◆ DATA RECORDS:
"""

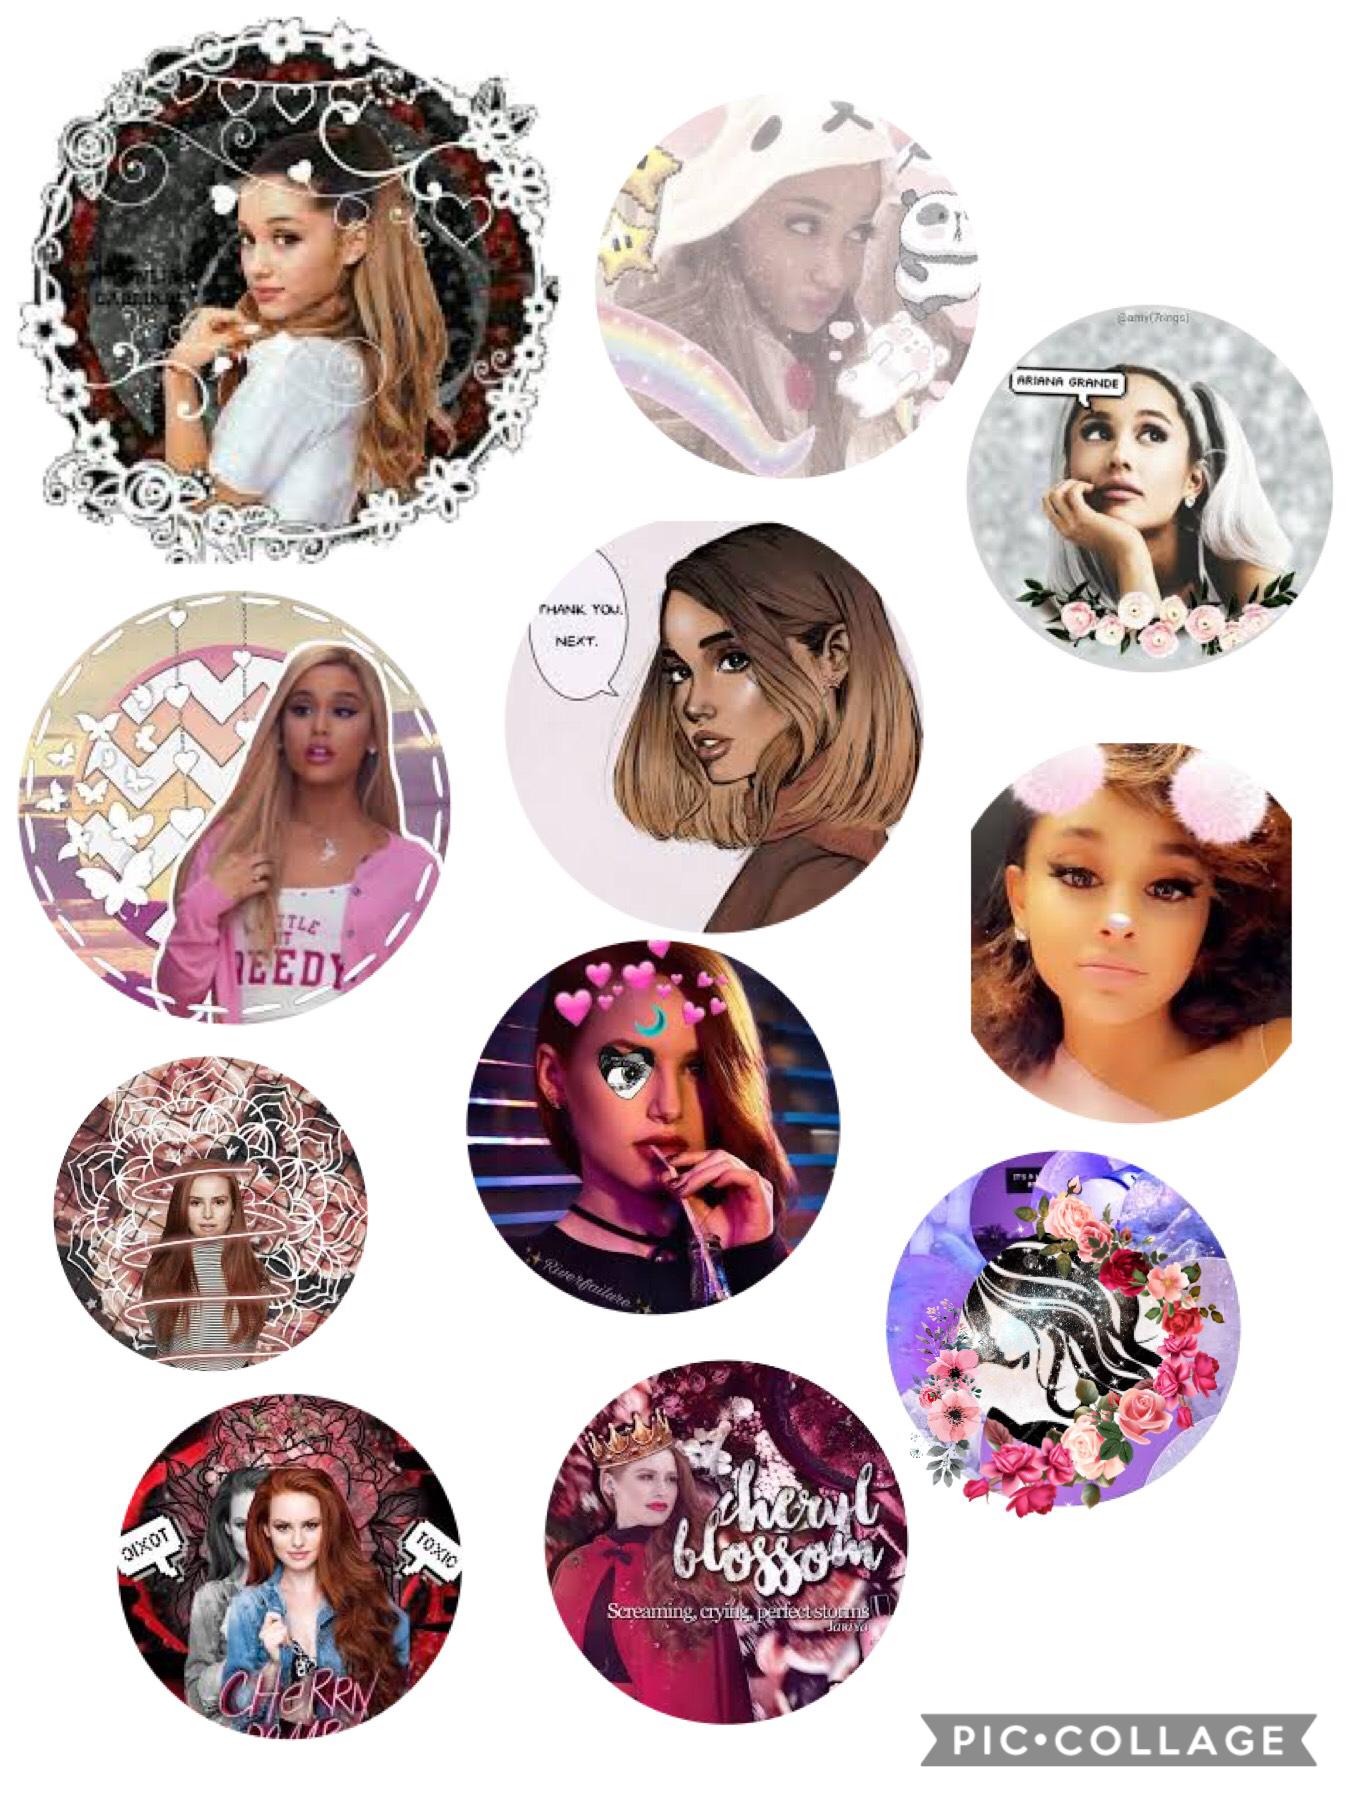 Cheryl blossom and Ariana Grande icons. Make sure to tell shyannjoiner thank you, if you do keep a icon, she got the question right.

"""
"""

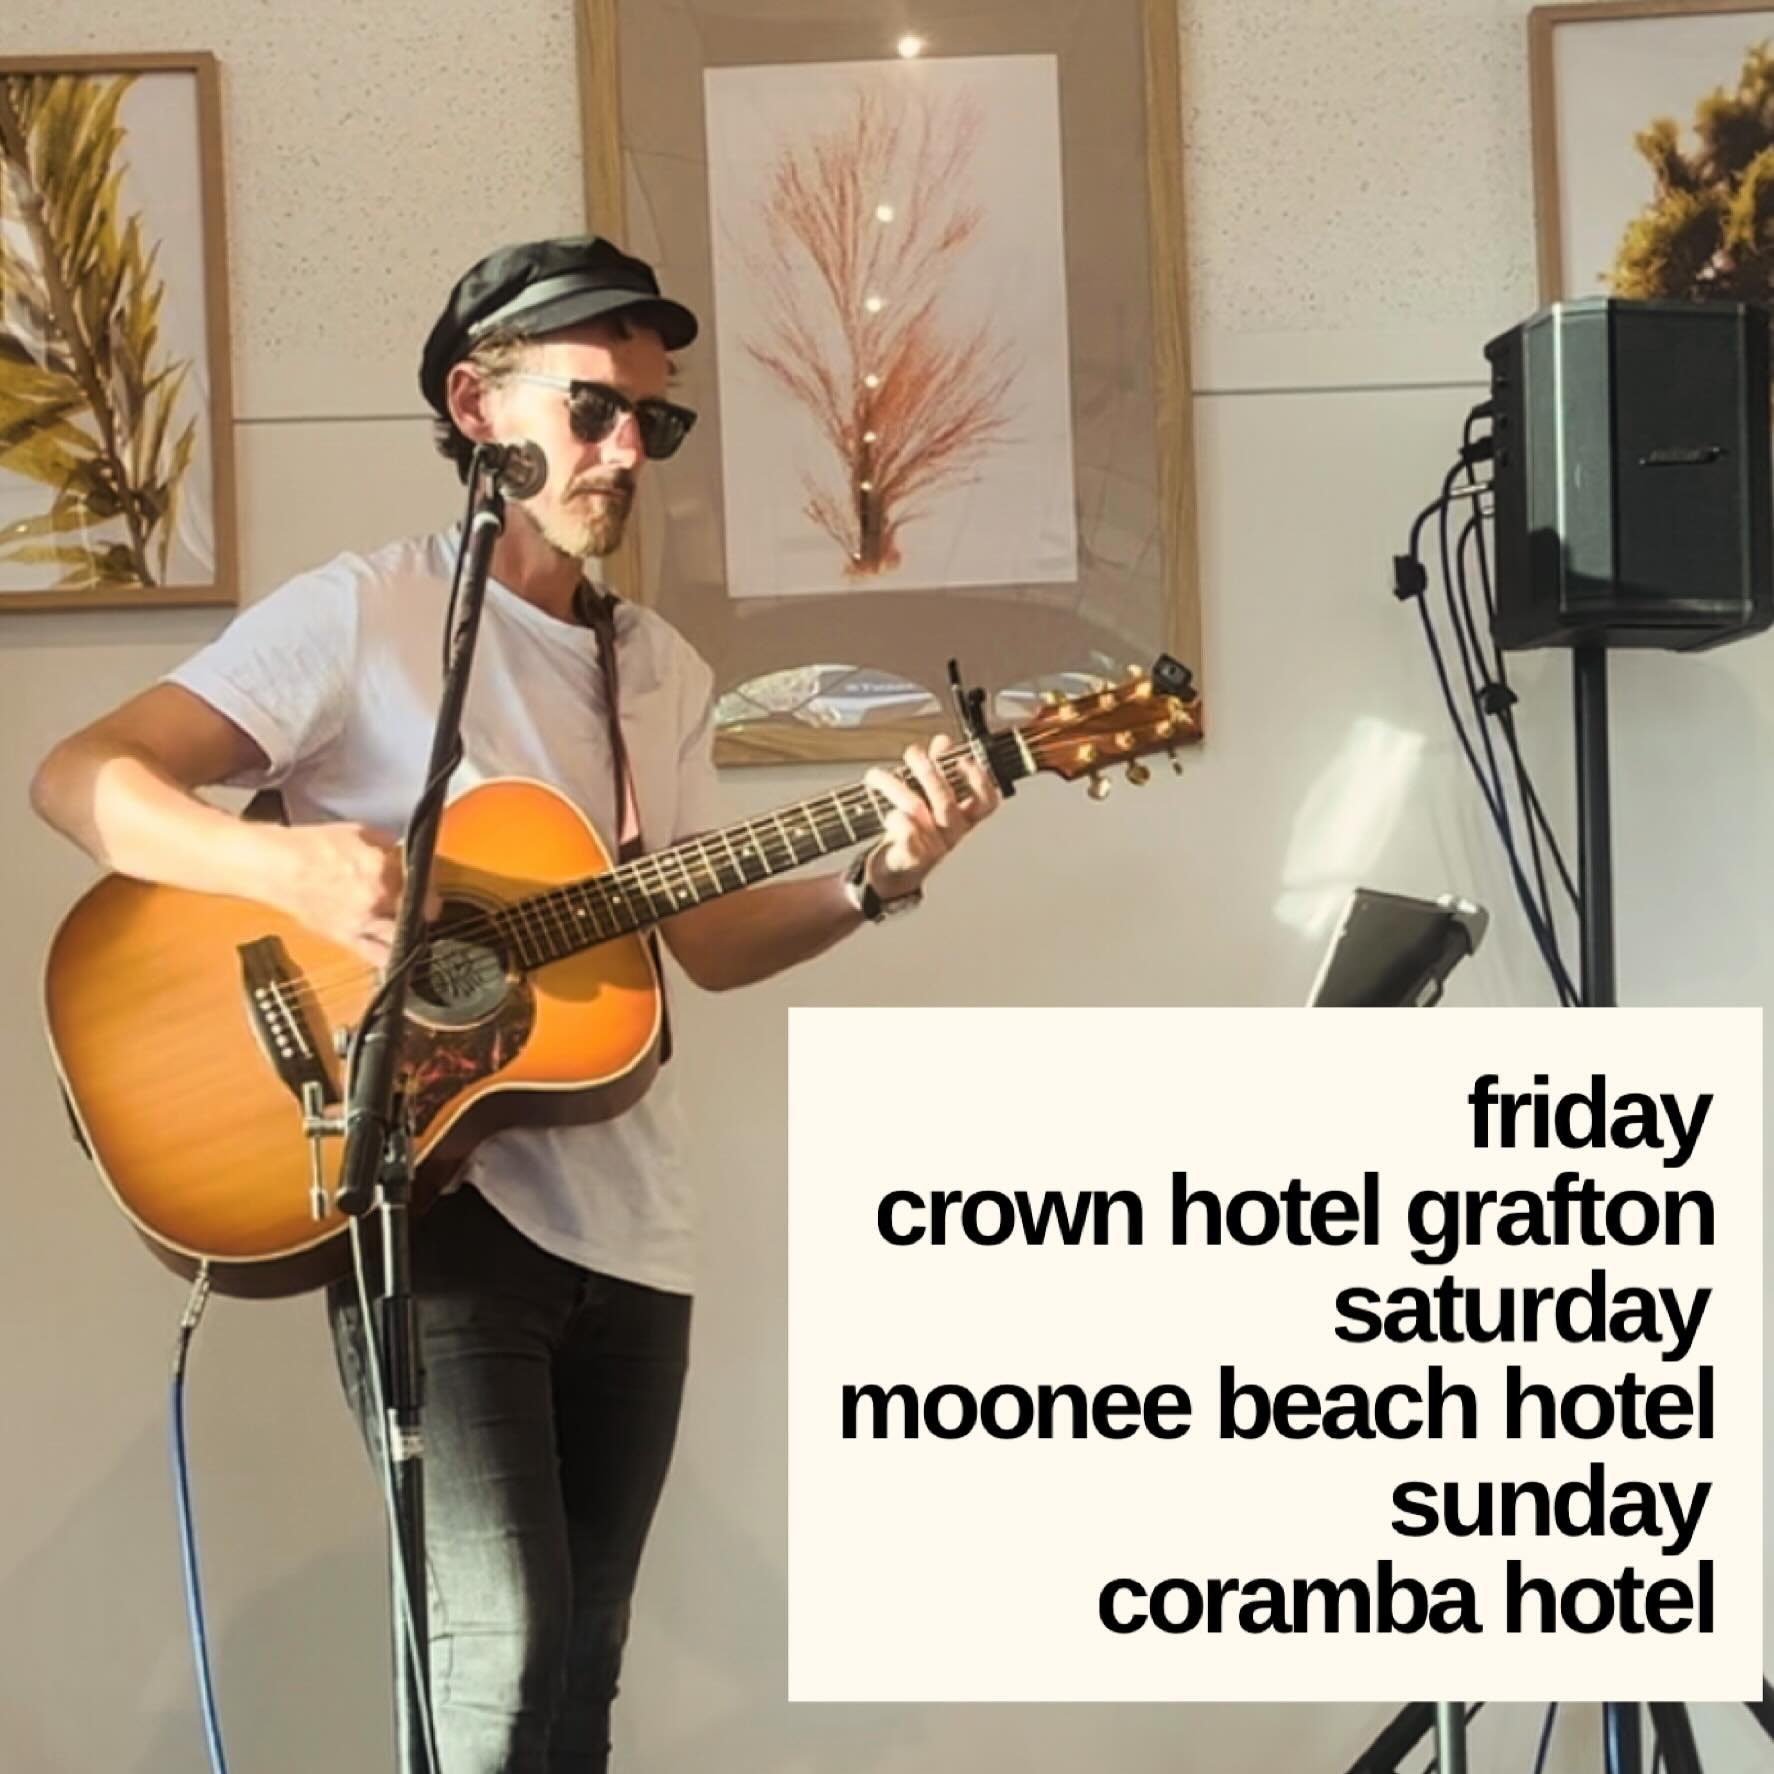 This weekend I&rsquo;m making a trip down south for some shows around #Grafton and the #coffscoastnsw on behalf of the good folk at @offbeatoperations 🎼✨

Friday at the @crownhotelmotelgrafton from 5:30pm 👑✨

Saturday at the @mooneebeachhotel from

"""
"""

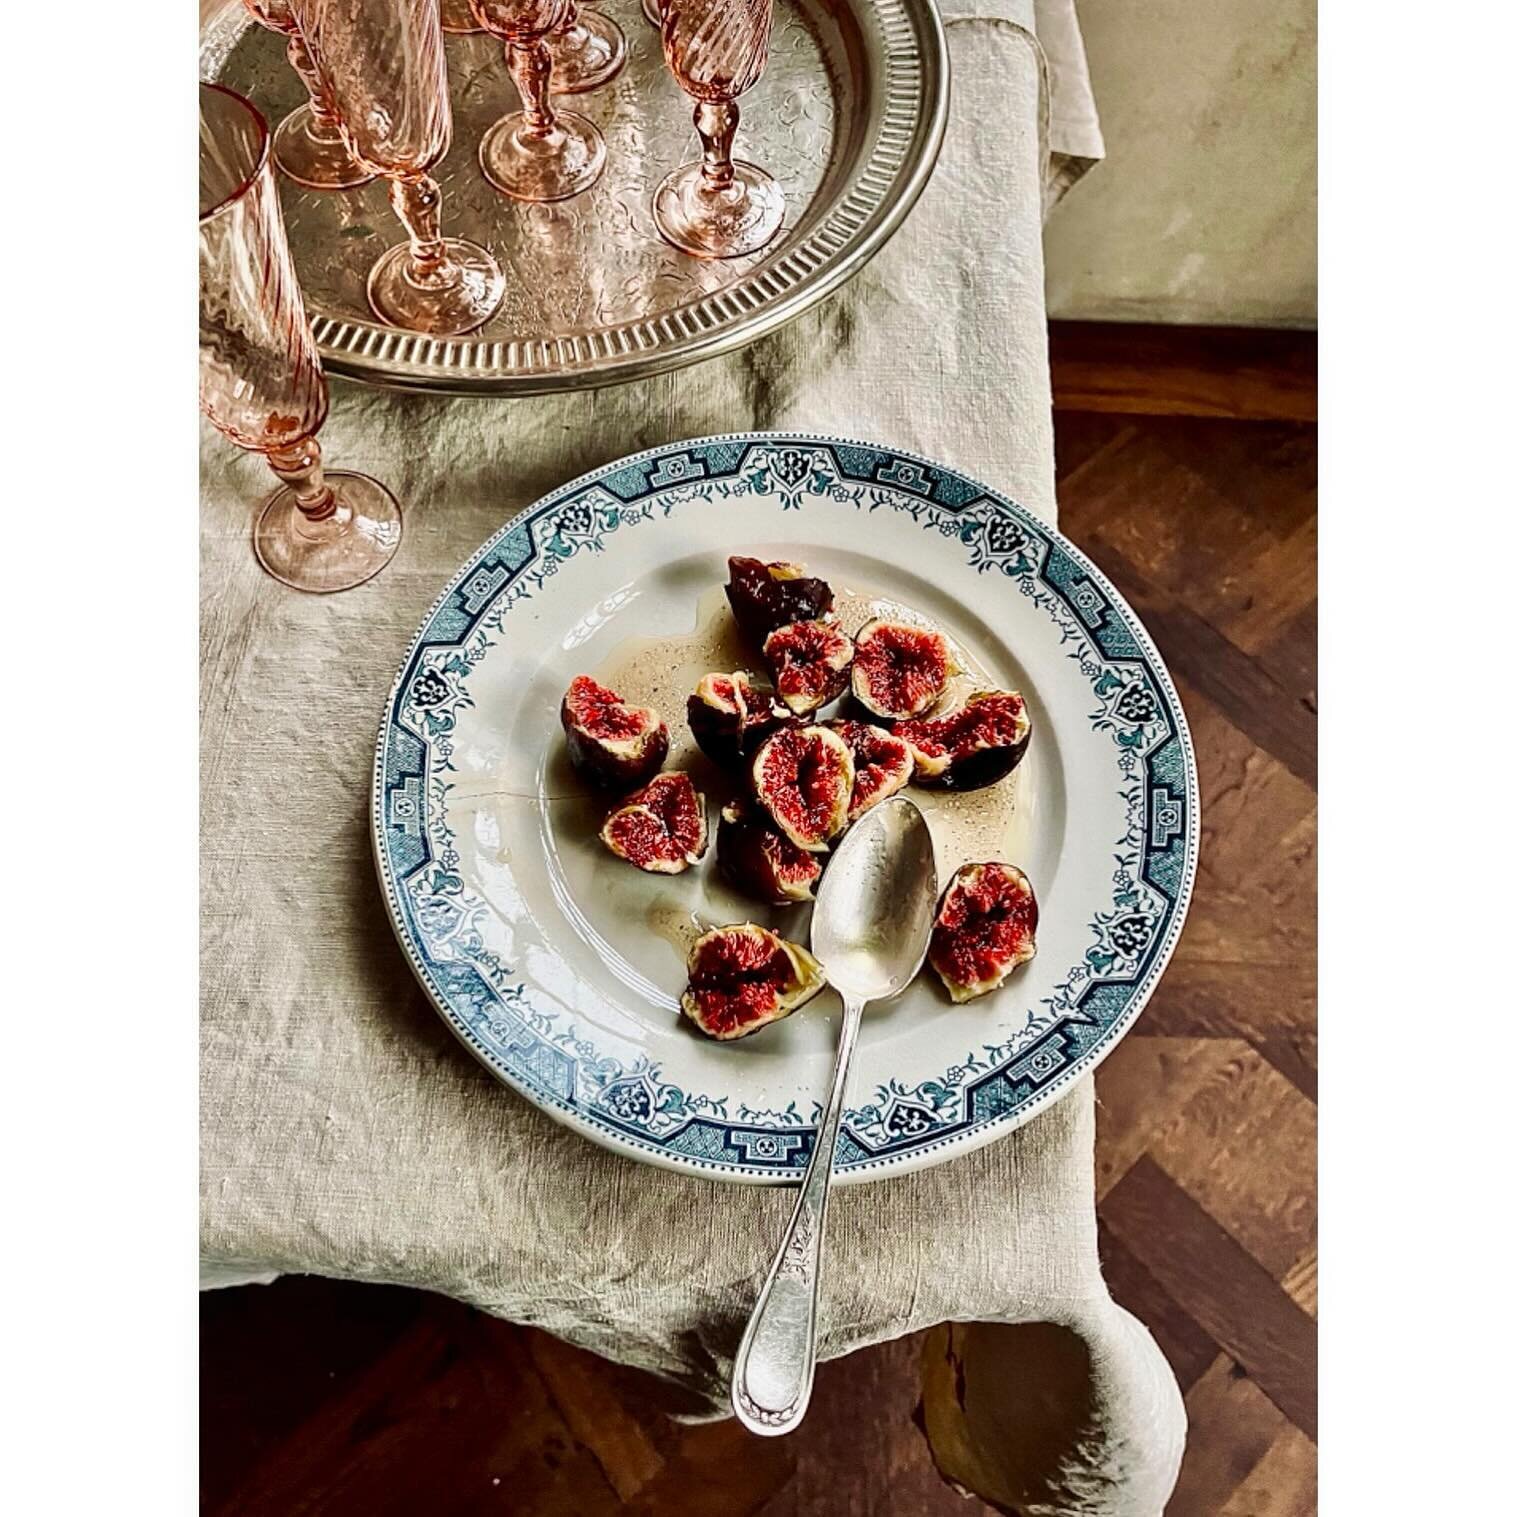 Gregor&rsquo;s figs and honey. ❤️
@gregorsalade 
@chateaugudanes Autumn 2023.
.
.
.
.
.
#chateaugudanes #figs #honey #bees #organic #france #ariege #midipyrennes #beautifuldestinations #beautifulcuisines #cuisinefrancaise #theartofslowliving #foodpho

"""

◆ TASK:
Using the data above, copy each line that contains "from".

◆ REPLY:
Friday at the @crownhotelmotelgrafton from 5:30pm 👑✨
Saturday at the @mooneebeachhotel from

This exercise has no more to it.